The people running this, Jessica Zelt, at the USGS, ran a survey of their volunteers saying, "Why do you participate? Why do you contribute?" So there's some really interesting things going on here. One of them is people say, "This is important." And it's true. One of the reasons people participate in these projects is because they want to do something meaningful with their lives. Especially if you're a retiree, you don't want to sit around and play games all the time. You want to do something that matters. But the other thing that's going on here is they say, "Love of nature." Why is love of nature one of the things that motivates somebody to sit in front of their computer and type up records here?
Well, this gets to the immersive nature of transcription. If you are transcribing a document, doesn't matter what it is, this is deep reading. You are reading, character by character, line by line. And when I try this, I'm not a birder. I don't know anything. I'm just interested in the tool. In fact, I've started transcribing a few of these book scraps.
I wasn't sitting in front of my computer anymore. I was with these guys. Somewhere in a march in Minnesota, typing up the results of our day's observations. And this is a lot of what's motivating people intrinsically to participate in things.
Okay. So what about accuracy? And how is the relationship of who's participating and how they're participating within this? The best studies of this have been done by the Citizen Science Alliance, the Zooniverse project. And my favorite example of their projects is one called Old Weather. Again, for scientists studying climate change, the problem isn't pointing a weather telescope at some point of the Earth's surface to find out how the climate is now. The problem is that you can't point a telescope at the South Pacific and see what the weather was like in 1914. If we want to see how the climate has changed, we have to find out what the climate used to be like. Fortunately, most of the world's Navy's, particularly the Royal Navy, has someone who every four hours, would go and make a weather observation. So the office of their watch would come out and write latitude and longitude and time of day and wind speed, wind direction, water temperature and air temperature. This is great! All we have to do is transcribe all of the weather observations of all the log books of the Royal Navy.
So they have volunteers who did this. And in fact, they've moved on to Noah's ark cruises now, because they're done with all of the Royal Navy for all of World War One. So they got through 1 to 1.6 million weather observations, with 16,000 volunteers who transcribed 400 million log pages. Which means you have a mean contribution of a hundred transcriptions per volunteer.
But that's not what actually happened! This statistic is totally worthless.

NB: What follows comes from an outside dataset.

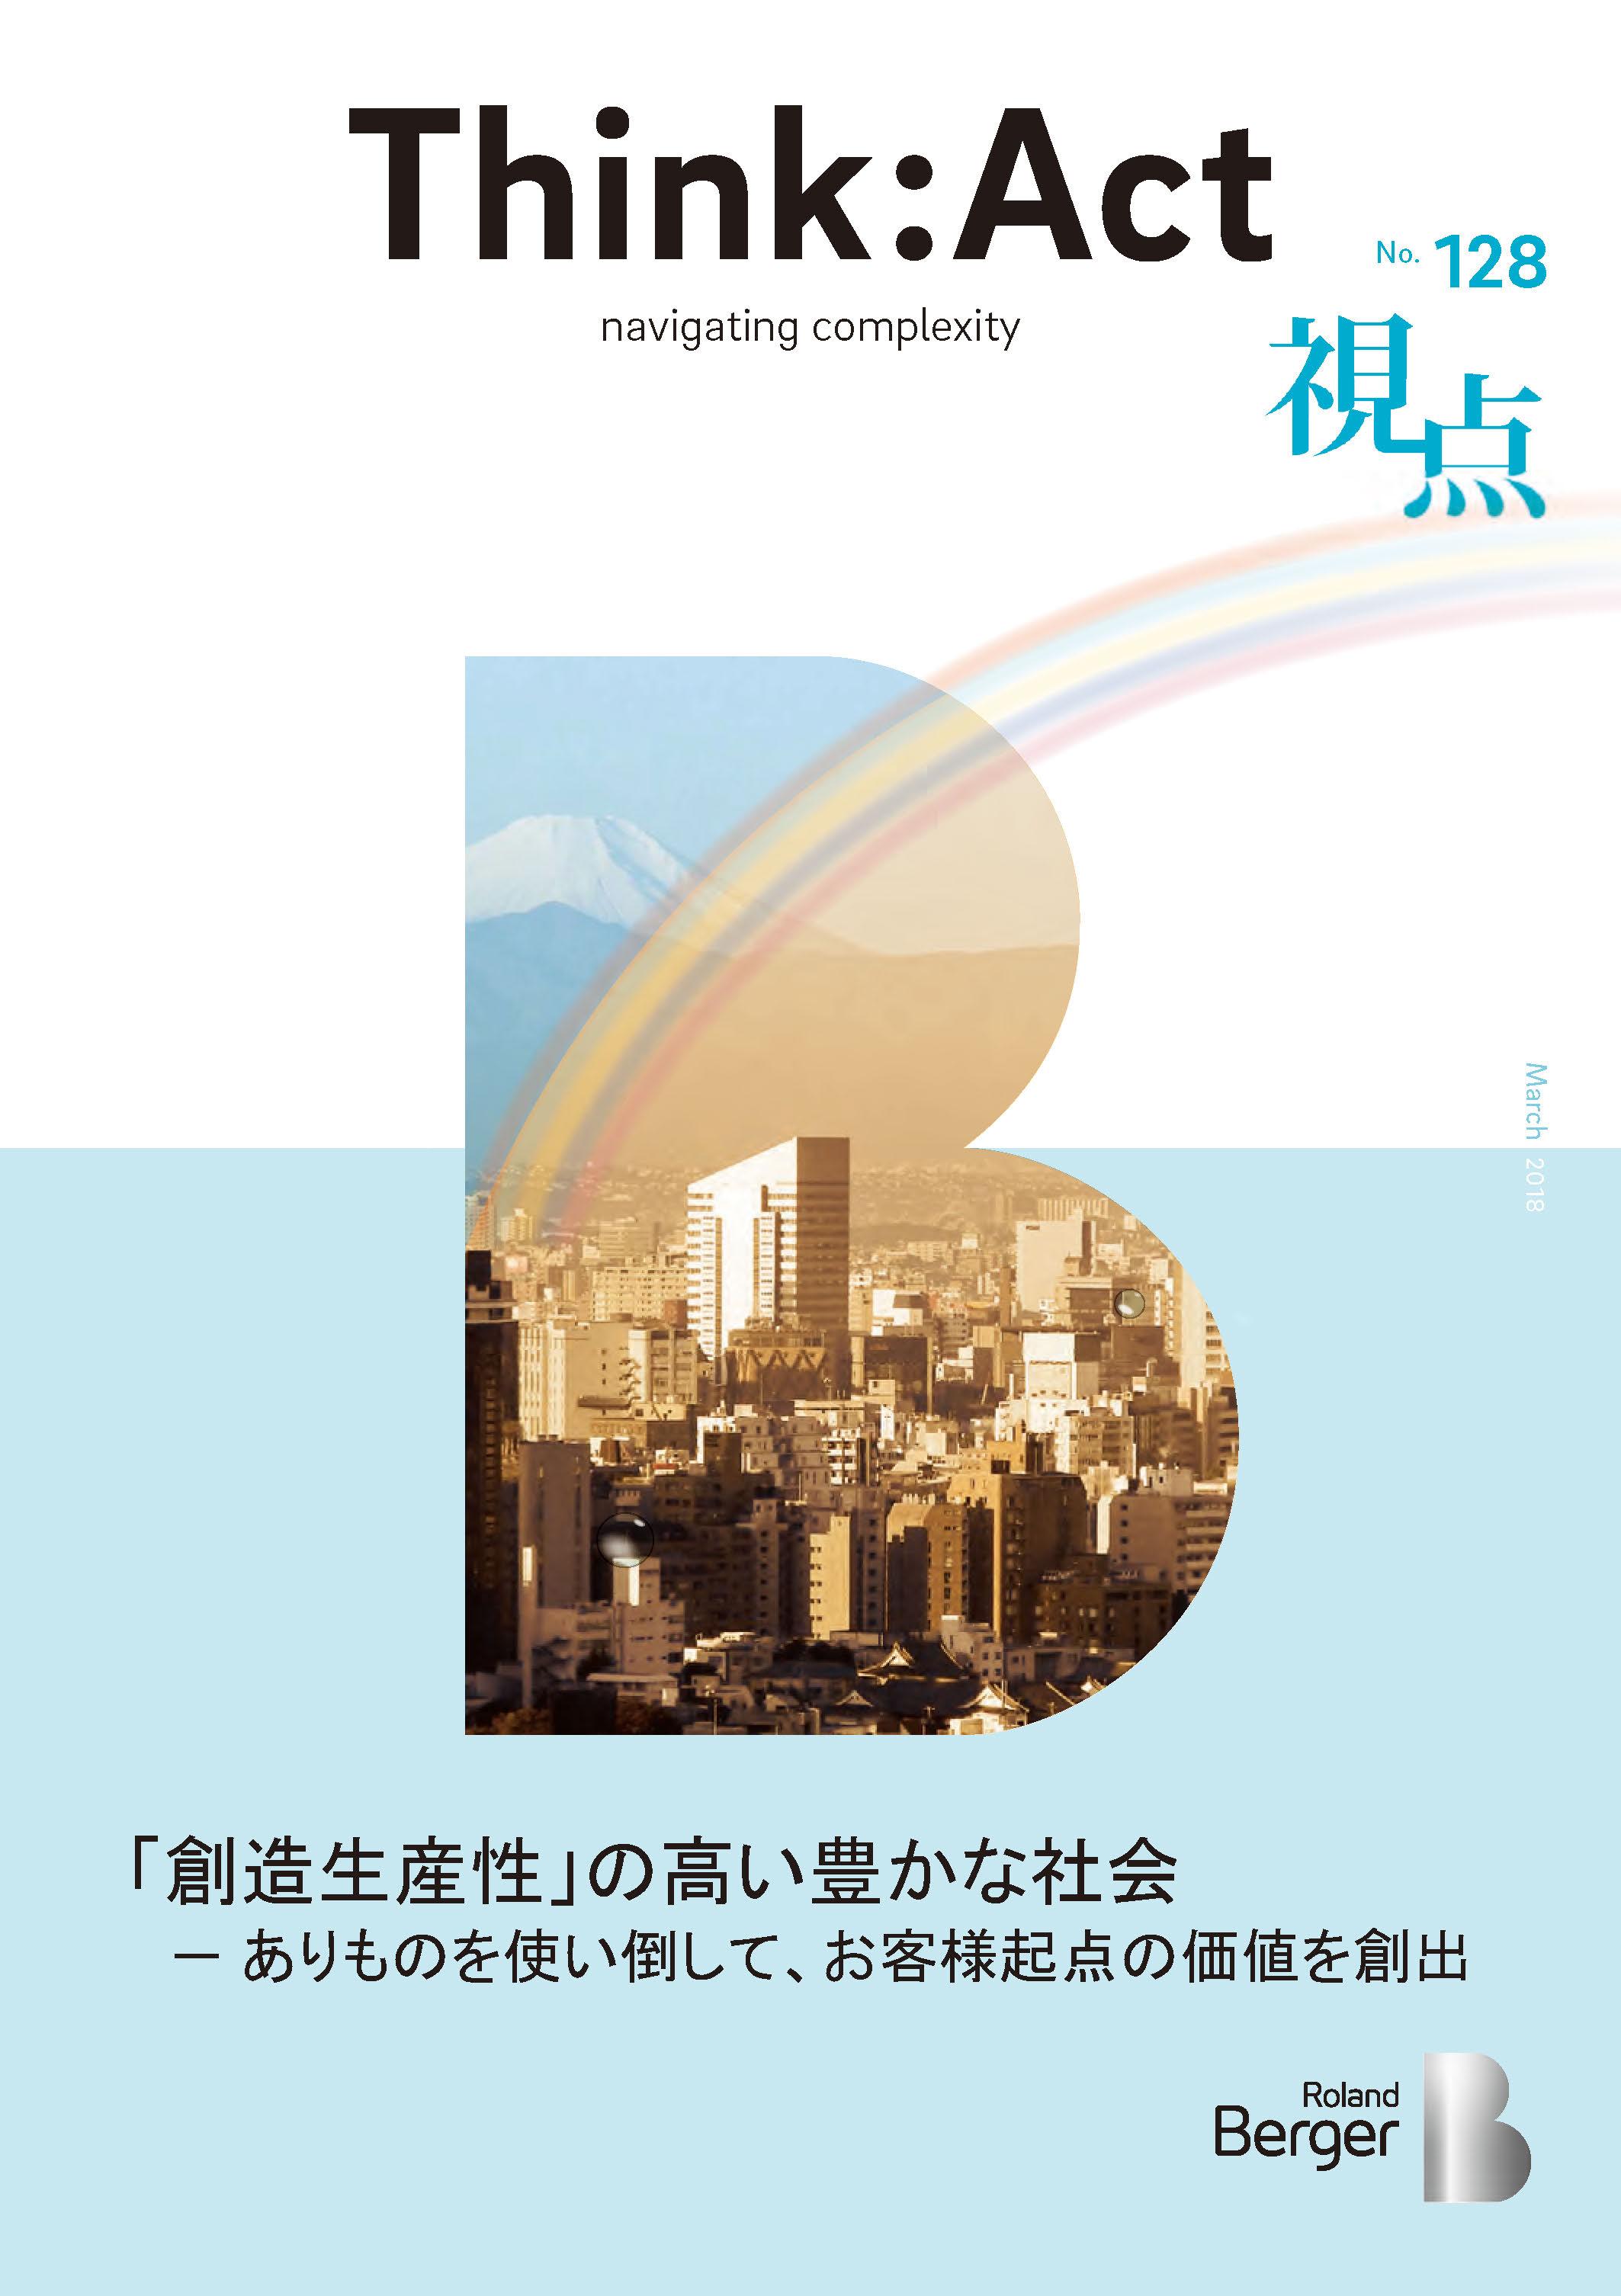 【視点128号】「創造生産性」の高い豊かな社会

If you look at this graph, what we have over here is a plot with one pixel per contribution and one rectangle per volunteer. And if you see, most people have one pixel down here. THere's this enormous group of people who transcribed one thing and then left. But by contrast, over a tenth of the weather observations are made by these eight people alone. So they're going through and doing this, hour after hour, day after day. It's an important part of their lives. So what does that mean? So that's a power-law distribution, in which the contributions, if you graph the contributions by user, you'll see that a tiny minority make most of the contributions and the next bracket down make a fraction of those and odd.

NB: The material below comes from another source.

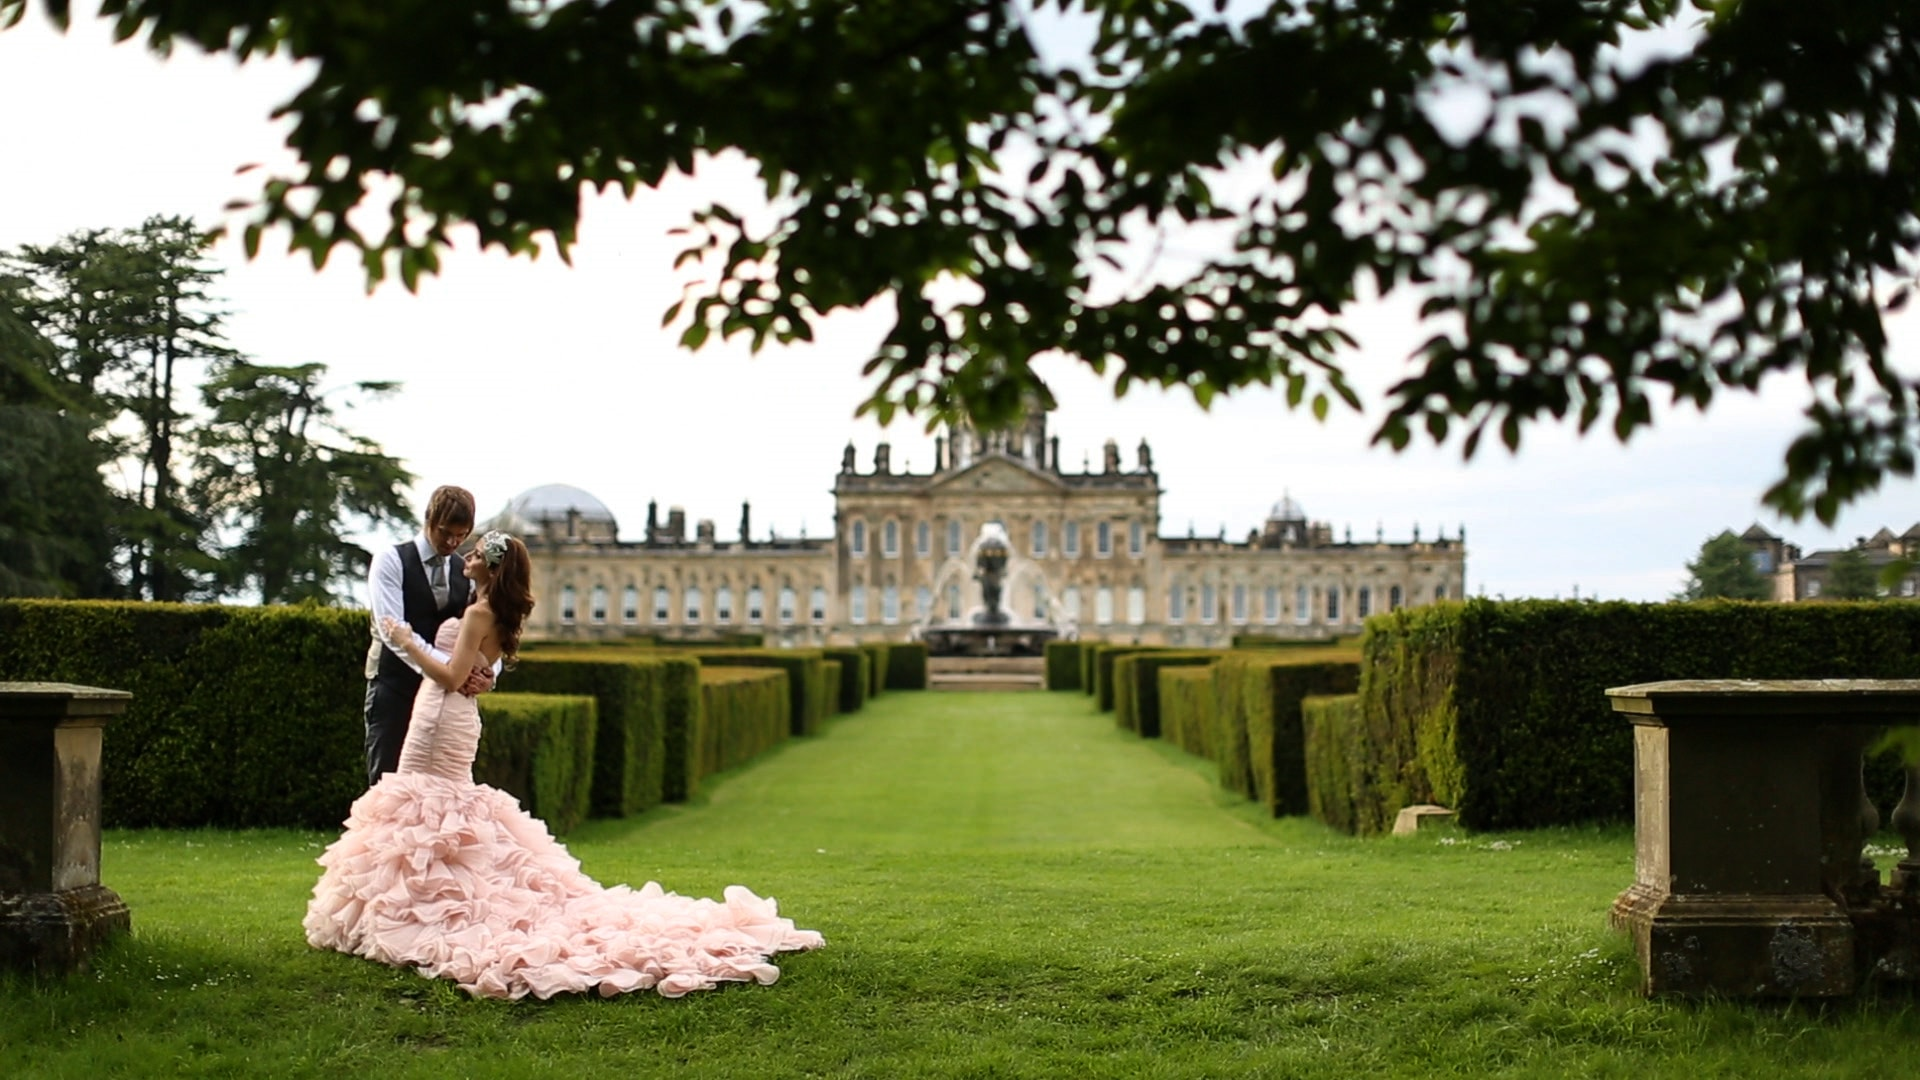 Casar em um castelo na Europa pode ser mais barato do que você imagina

And we have found this true regardless of project size. I have seen this happen with projects that have five volunteers. I have seen this happen with projects that have tens of thousands of volunteers. So what are the implications of this power-law distribution?
One of the things that I feel like this implies or addresses is it addresses a really common objection to crowdsourcing, which is that the crowd is not capable of doing scholarly work, or contributing to scholarly projects. They're not capable, they're not interested. But would you look at the person sitting next to you at a red light and you think, "They can't do this."? But those aren't the people you're asking. So here are some typical objections. One of my favorite examples of this was a scholar who was violently opposed to the idea of allowing volunteers to translate letters of a famous composer from German into English. All right. Well, you know classical music fans, a lot of them have pretty good command of German. That would be my perspective. But he said, "There's no way we can ask the public to to do this!" South Carolina voted for New Cambridge, because they can't do this. Well, this is a total non sequitur. That's not actually what's going on.

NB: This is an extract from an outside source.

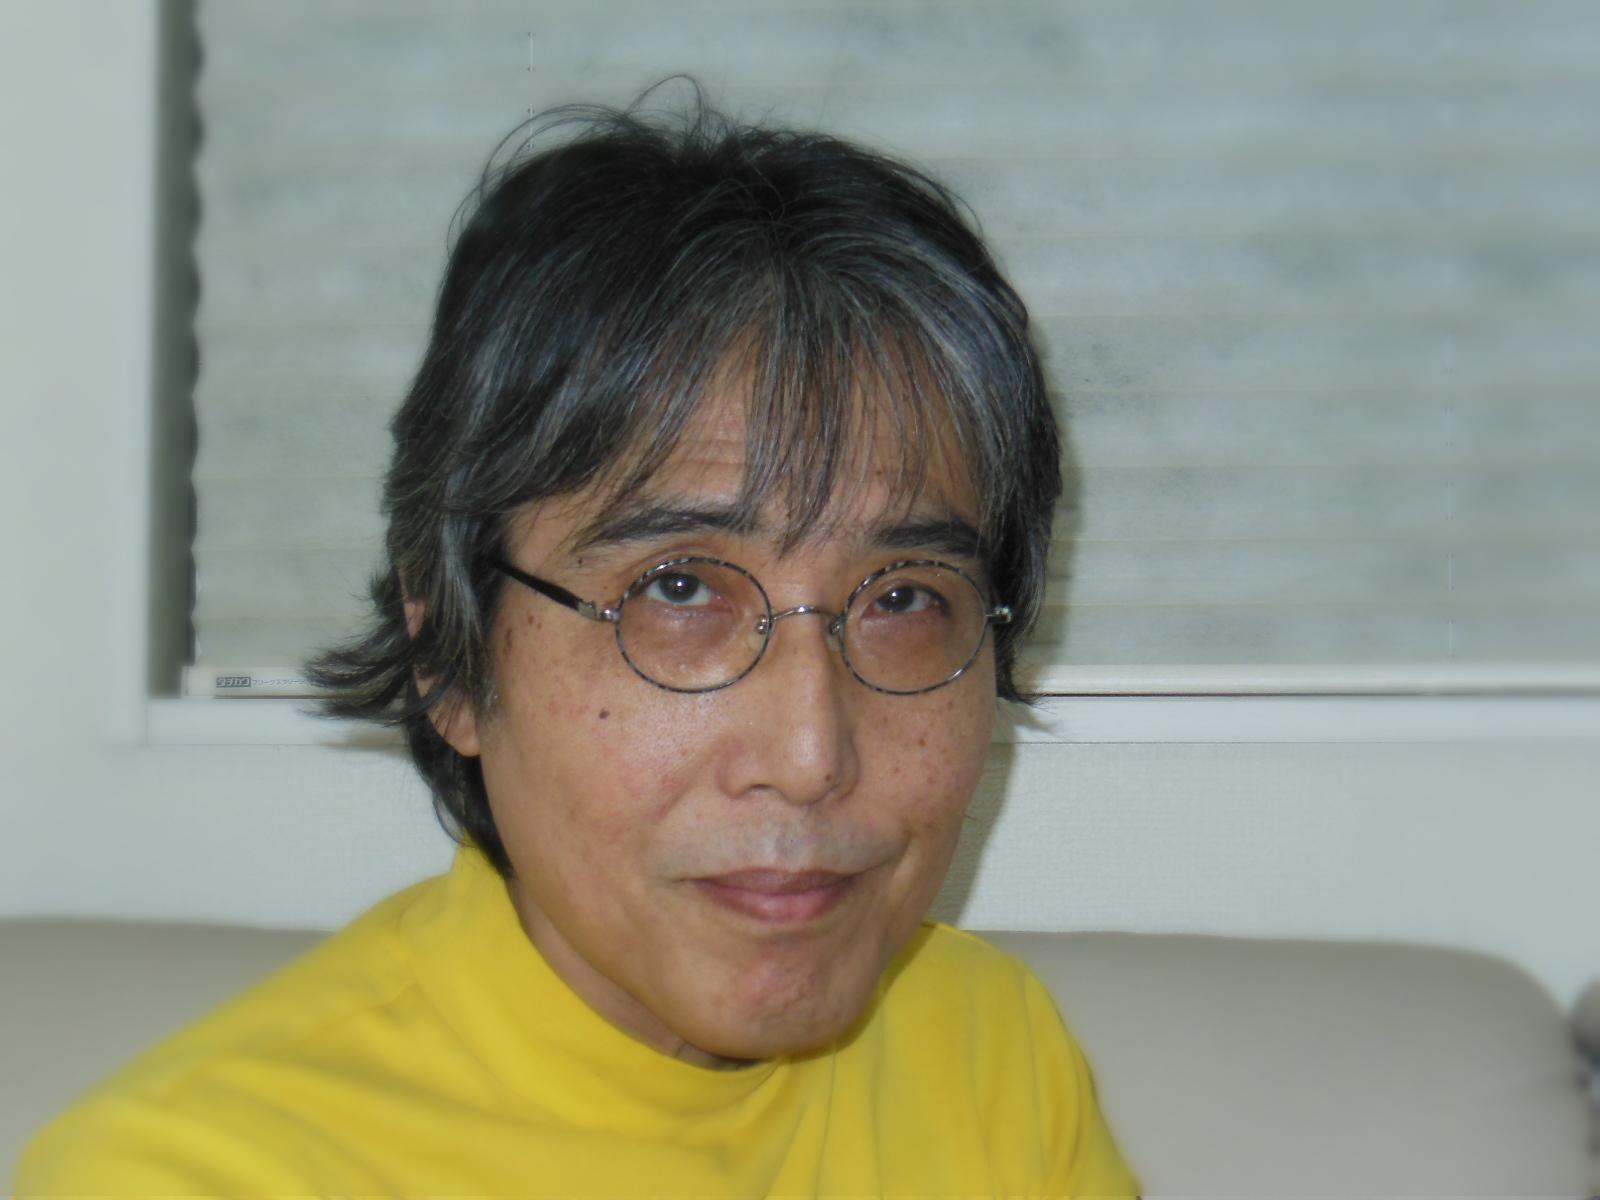 加古川 当たる占い師 浦世麗徑先生

So what's actually going on is with these crowdsourcing projects is you're casting this net, a pretty wide net to gather a few really well-informed amateurs. These well-informed enthusiasts who love the material, they know what they're doing and they have no other institutional or organizational connection to it.
And I saw this with one of the first collaborations I did with a library. This is the Zenas Matthews diary, which is the diary of a Texas volunteer in the Mexican-American war. It is held at the special collections of the Smith Library, Southwestern University of Georgia and I was looking for this online on FromThePage. And we get the thing out in New York. And we don't actually announce it yet. So we're going back and forth and we say, "How should we craft the announcement? What should we do about help text?" And meanwhile, someone writes them and says, "Hey I'm really interested in Texas, and I'm looking for this diary from 1836."
And we're all kind of excited, and Catherine reads this and says, "Okay! 1836, right? Here it is." And he responds and says, "No, no, no, no. This is not what I'm looking for, but yeah I'll check this out." So we go back to talking about what should we do about phones and announcements and he goes through and in two weeks, he transcribes the entire 43-page diary. This diary is not in good condition.
And when he finishes transcribing, he starts doing research and adding foot notes. So these are foot notes added by Scotty Patrick, who is a retired oil field worker with a high school education outside of Houston, Texas, who's gone through and looked at the people who are mentioned in this diary and he says, "Here's this person. He goes on to become a governor. By the way, he's my cousin.
He recognizes the phonetic spelling that Zenas Matthews, this Texas volunteer had of elements that he's running into in Mexico. He says, "Oh well, this is actually a refined sugar." But he goes and he finds books that are mentioned very briefly and sends us links to them.
So in fourteen days, he transcribes the entire diary. He goes back and makes 250 revisions to the transcript, because as he becomes comfortable with the hand, he goes back to earlier pages and says, "Oh that was a 'w' angle but that means this isn't just a straight-through thing," and creates two dozen foot notes. So these really are ideal well-informed enthusiasts. It leaves us wondering what we're going to announce publicly now that he's done. But it was really an experience.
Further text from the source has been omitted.